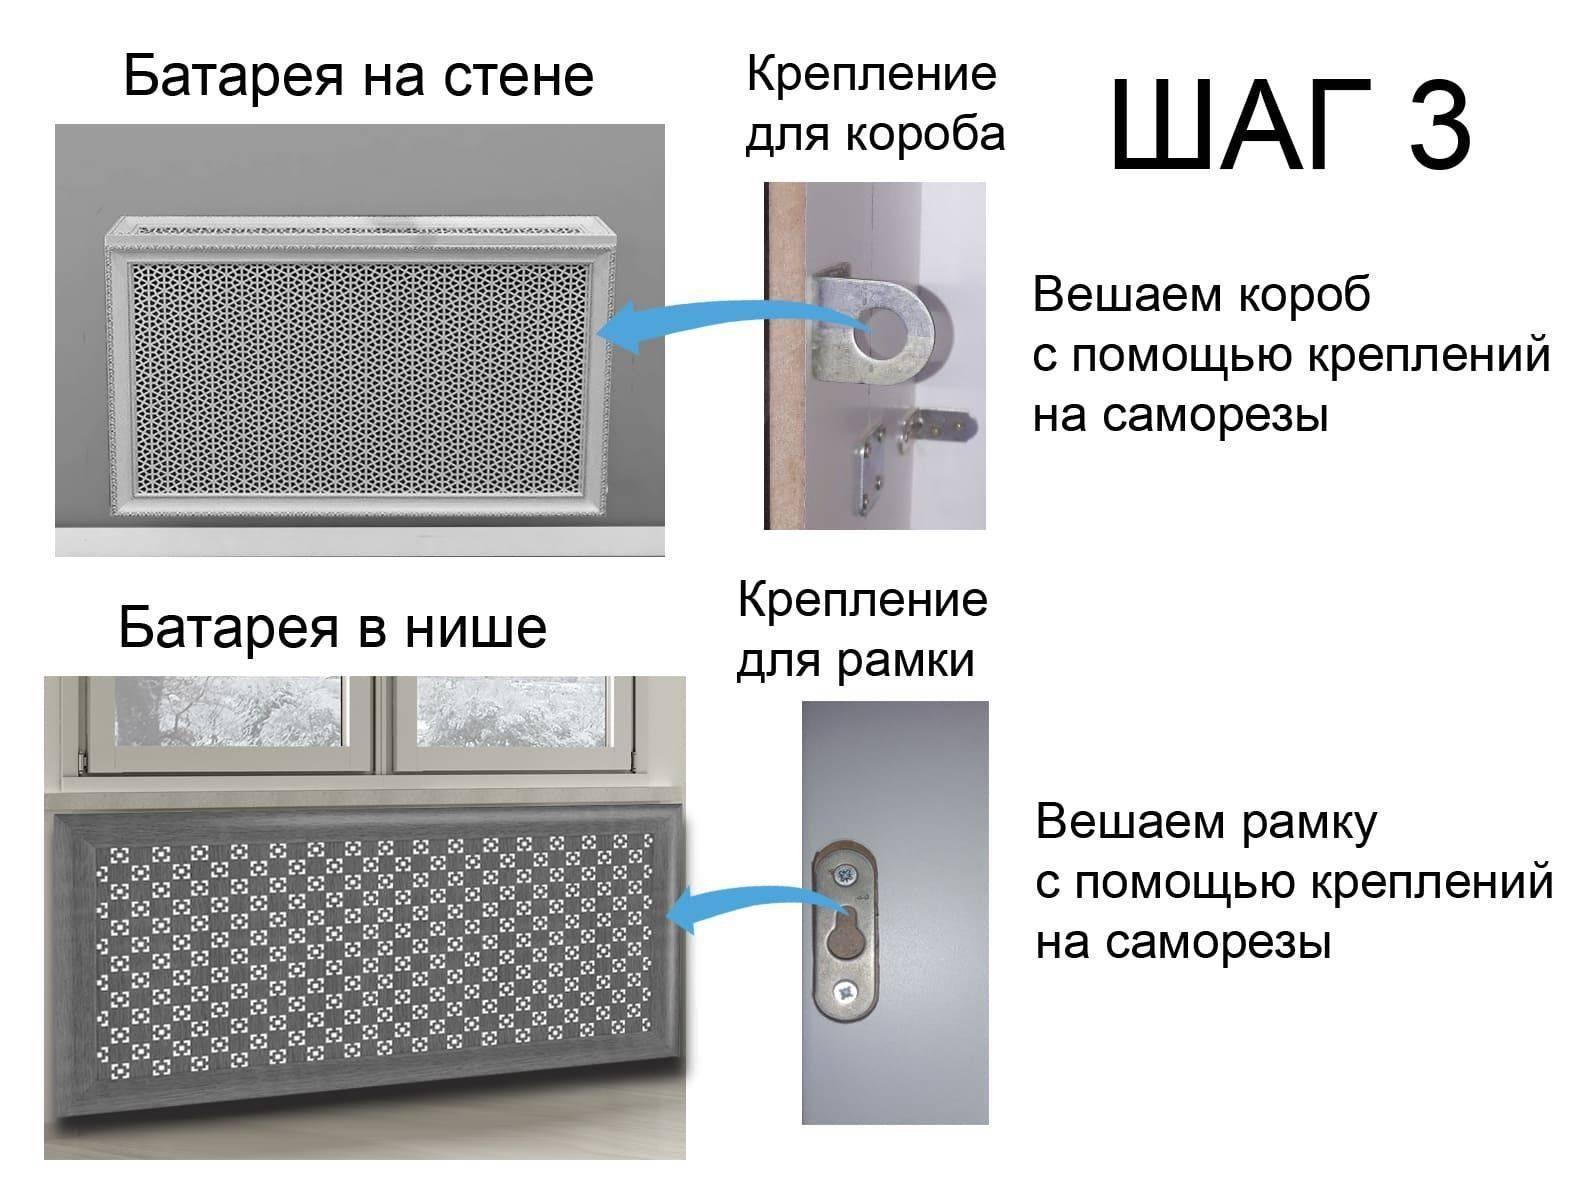 Декоративная решетка для радиатора: обзор видов решеток, материалы изготовления
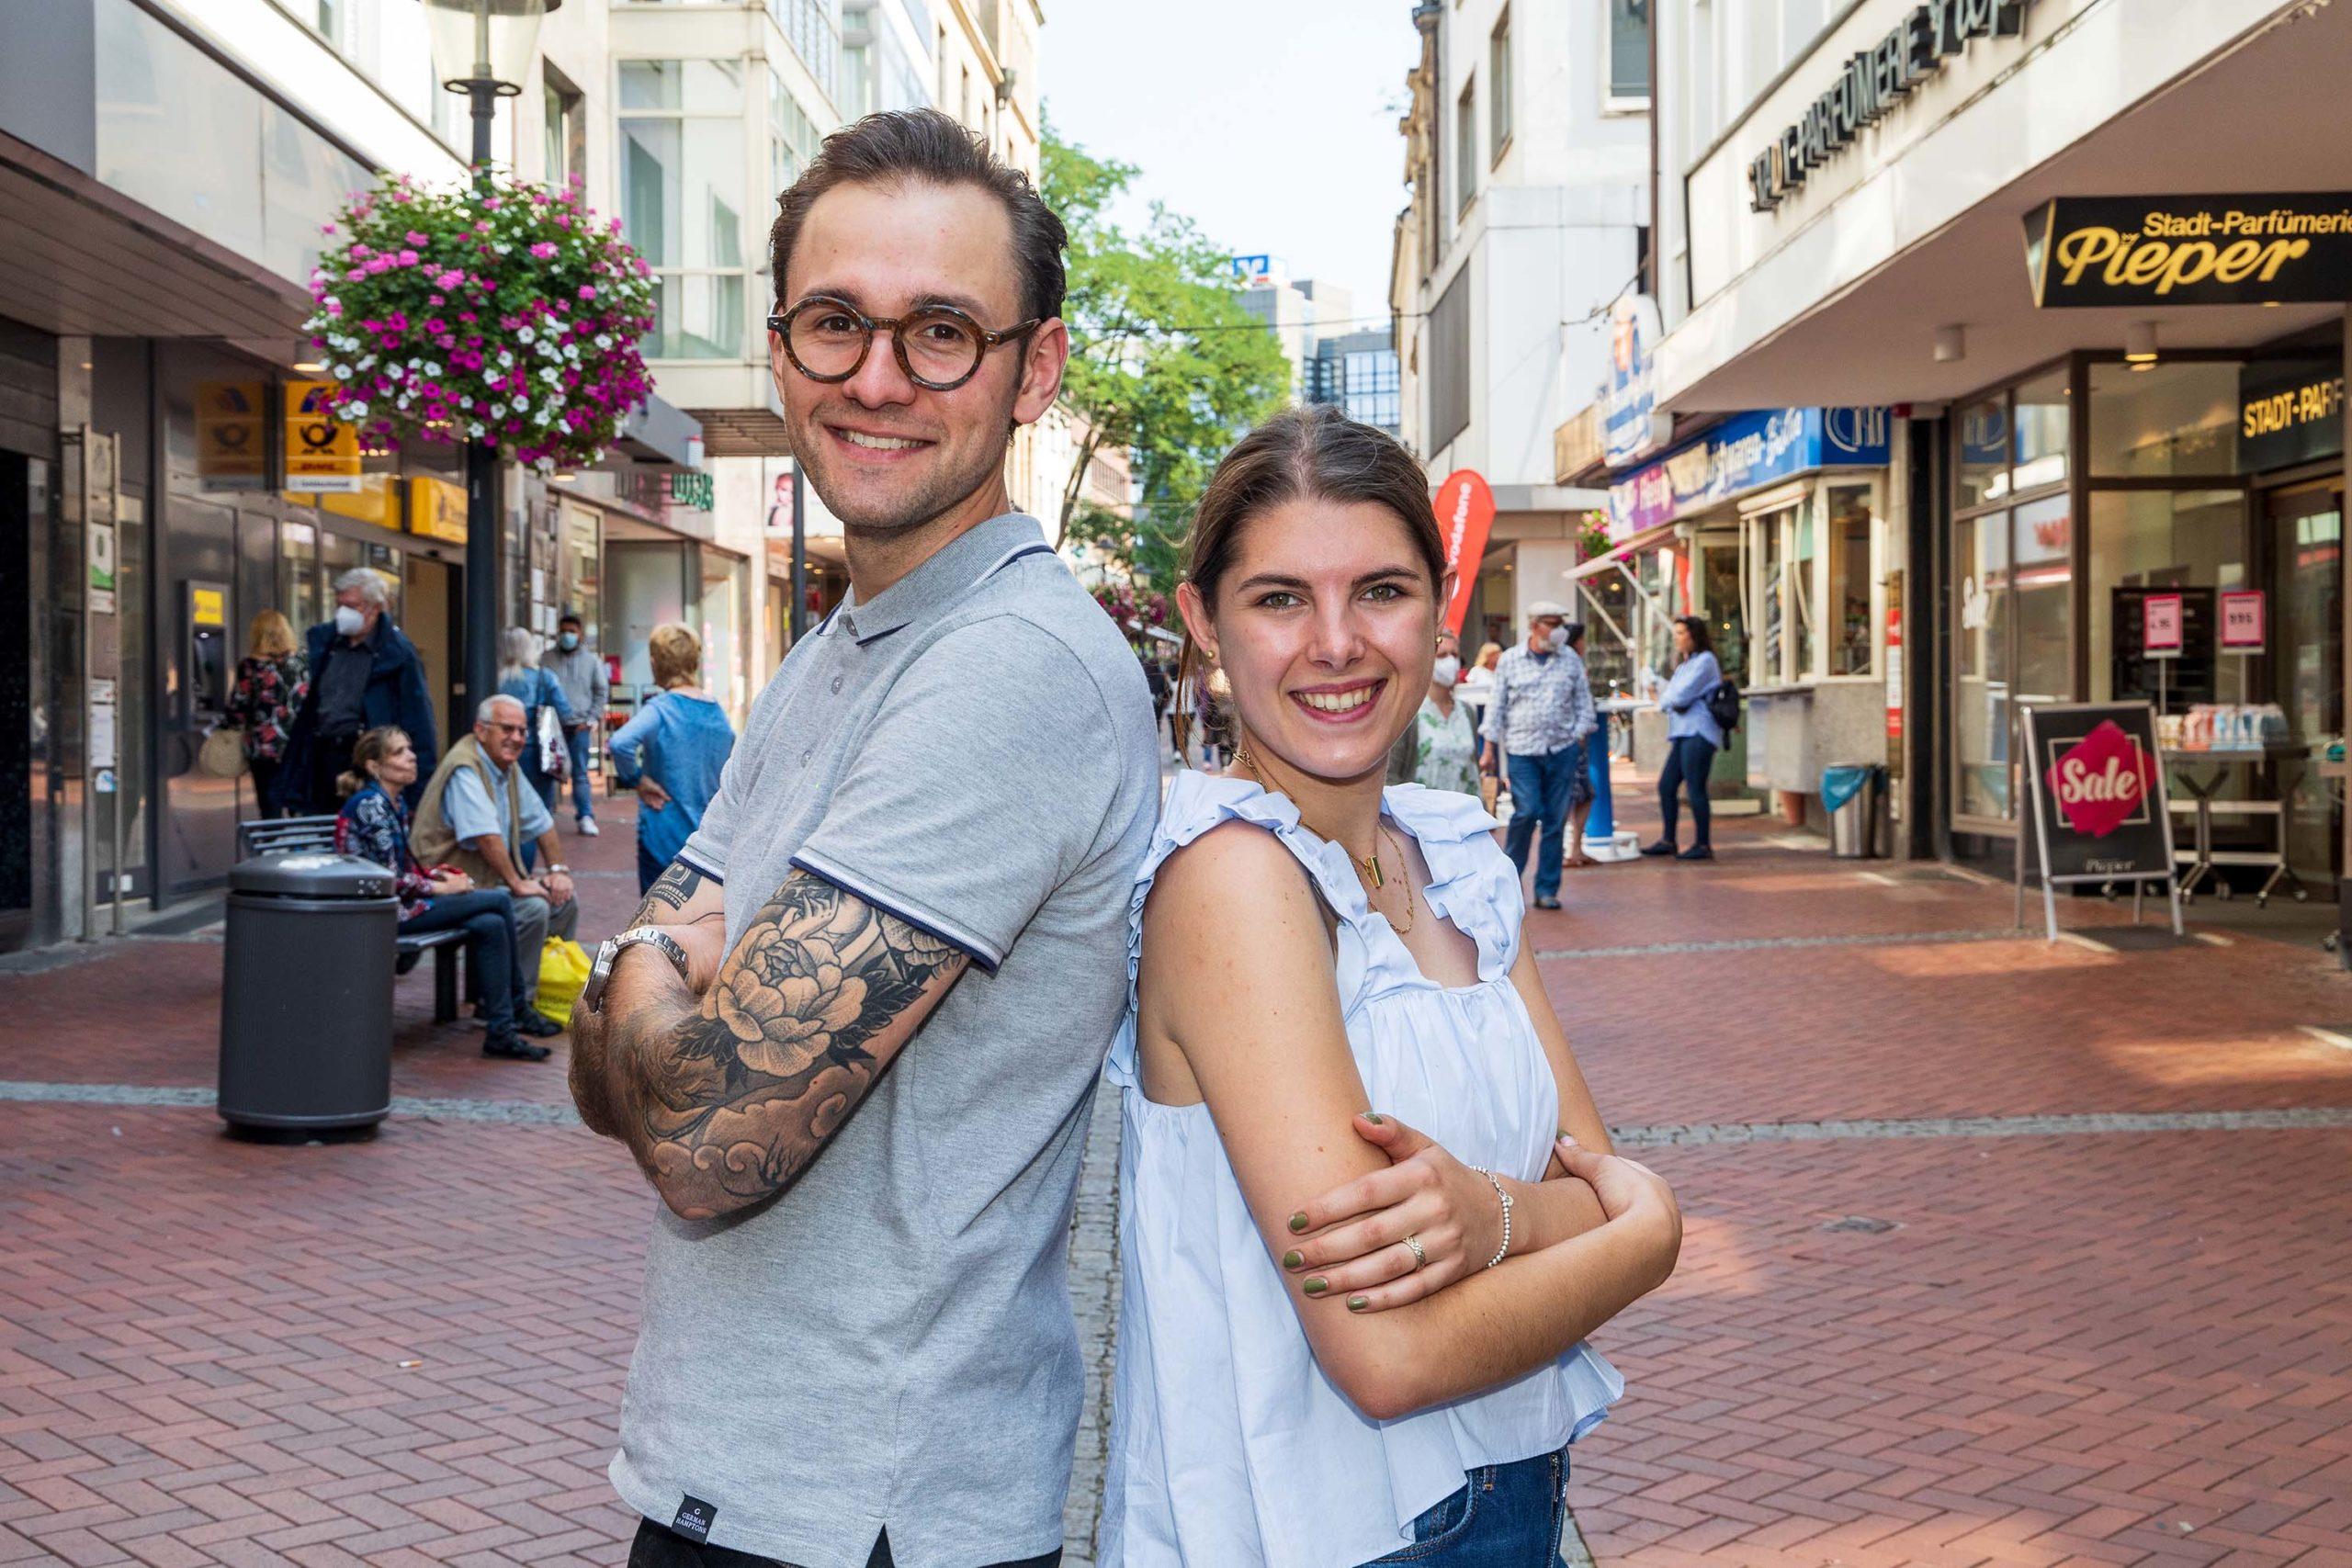 """Mit Sophie Pieper und Josef Bathen jun. hat das Buersche City-Management erstmals eine Doppelspitze. Für beide ist der Leerstand """"ein großes Thema""""."""
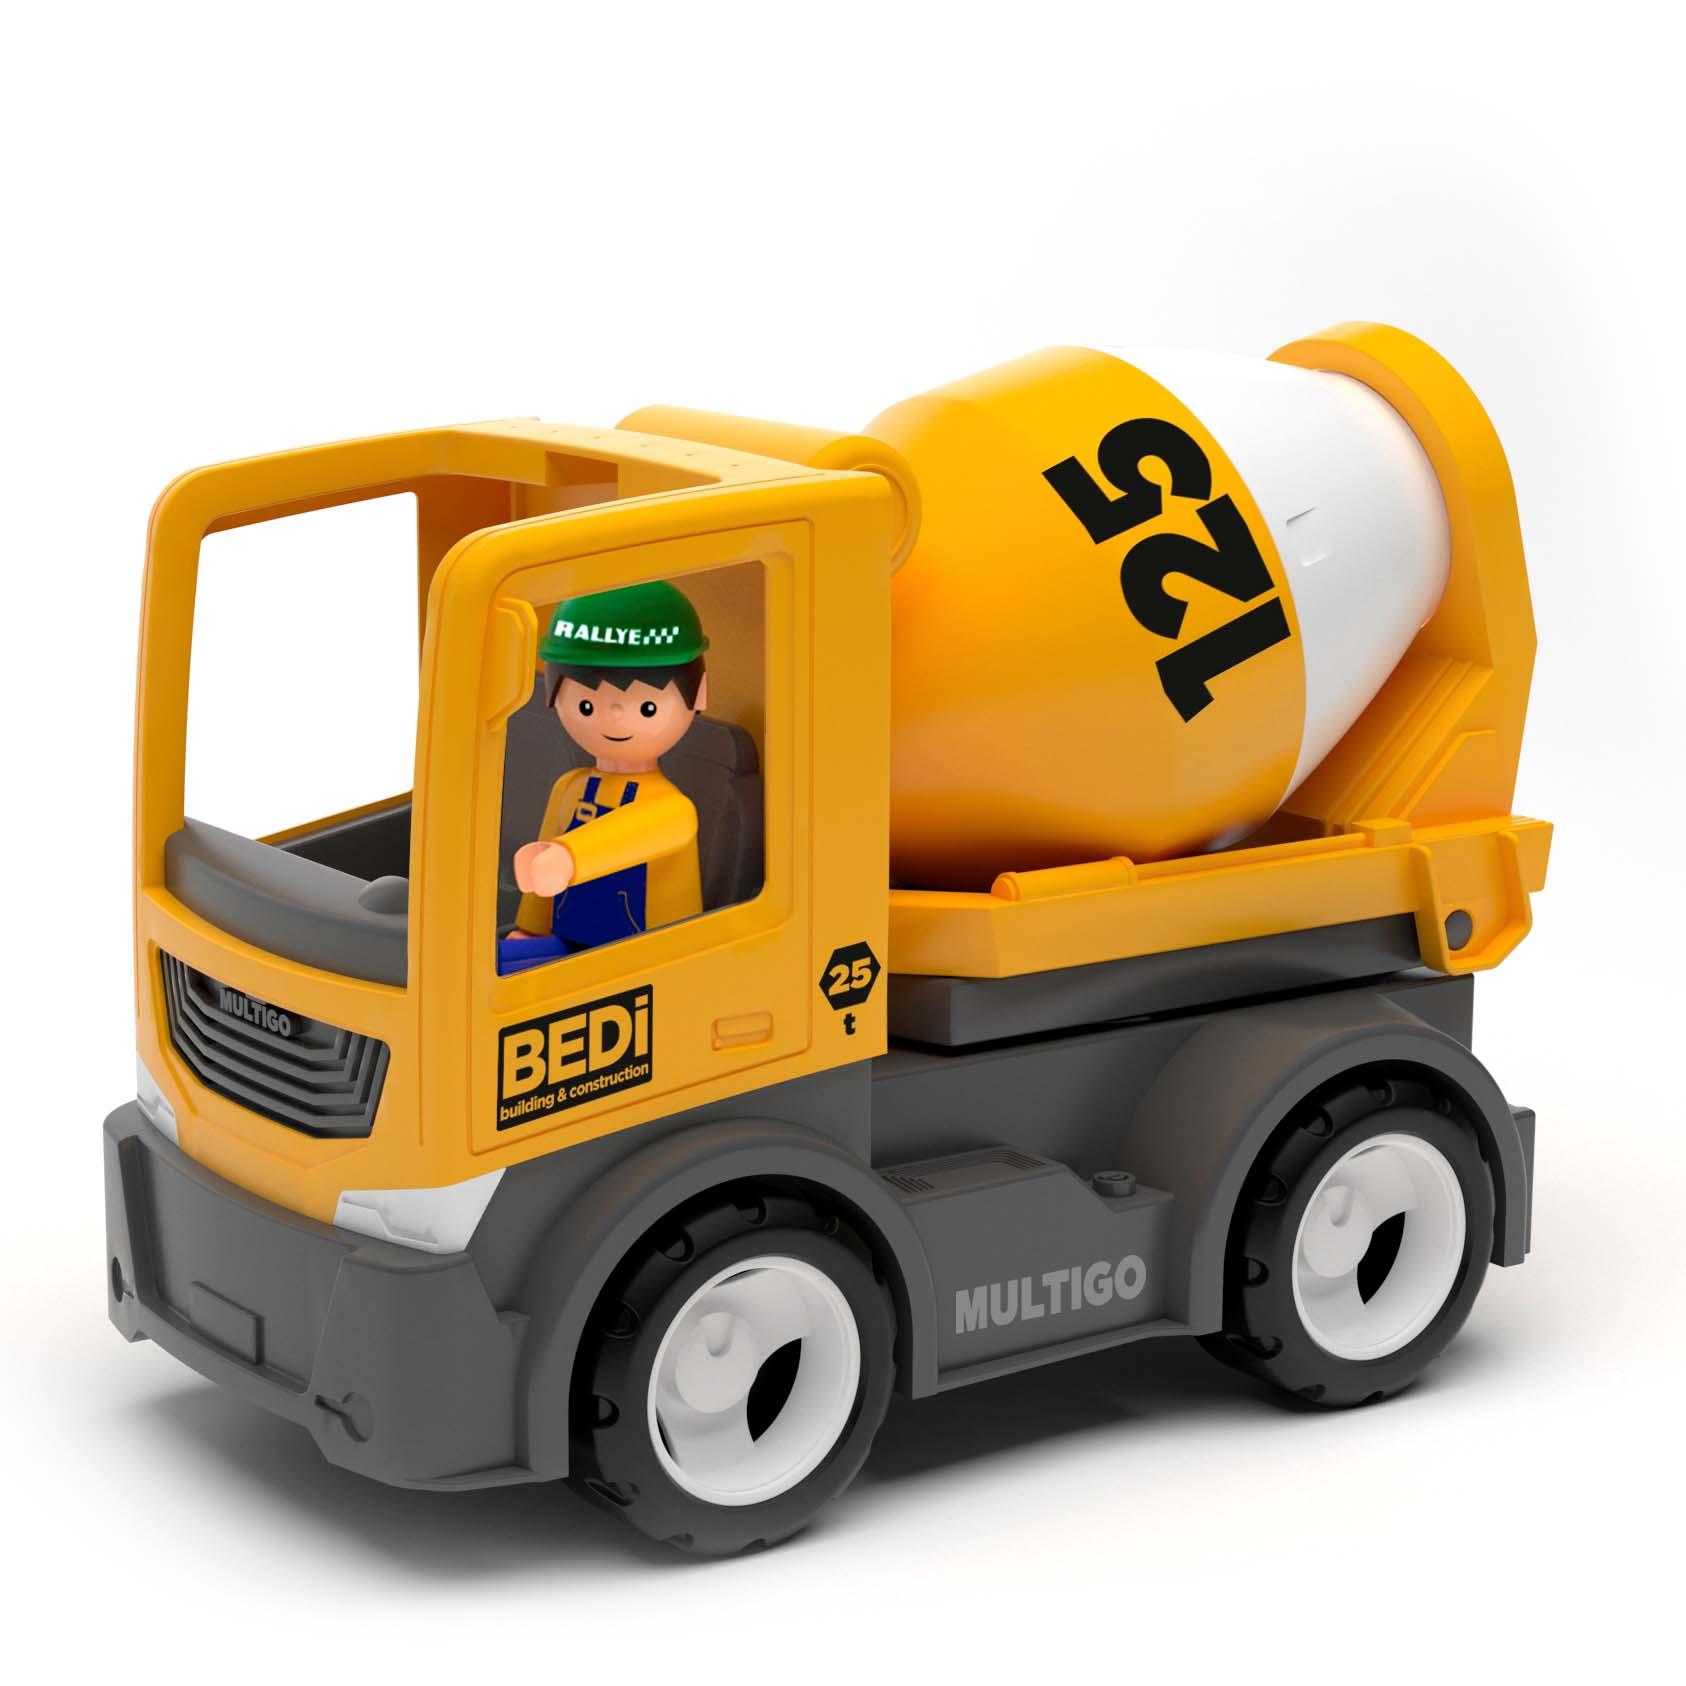 Купить Строительный грузовик-бетономешалка с водителем, 22 см, Efko

What the task asks:
Copy the data word for word. Pictures do not go in the copy.

Your response:
 Декоративная решетка для радиатора: обзор видов решеток, материалы изготовления
 """Mit Sophie Pieper und Josef Bathen jun. hat das Buersche City-Management erstmals eine Doppelspitze. Für beide ist der Leerstand """"ein großes Thema""""."""
 Купить Строительный грузовик-бетономешалка с водителем, 22 см, Efko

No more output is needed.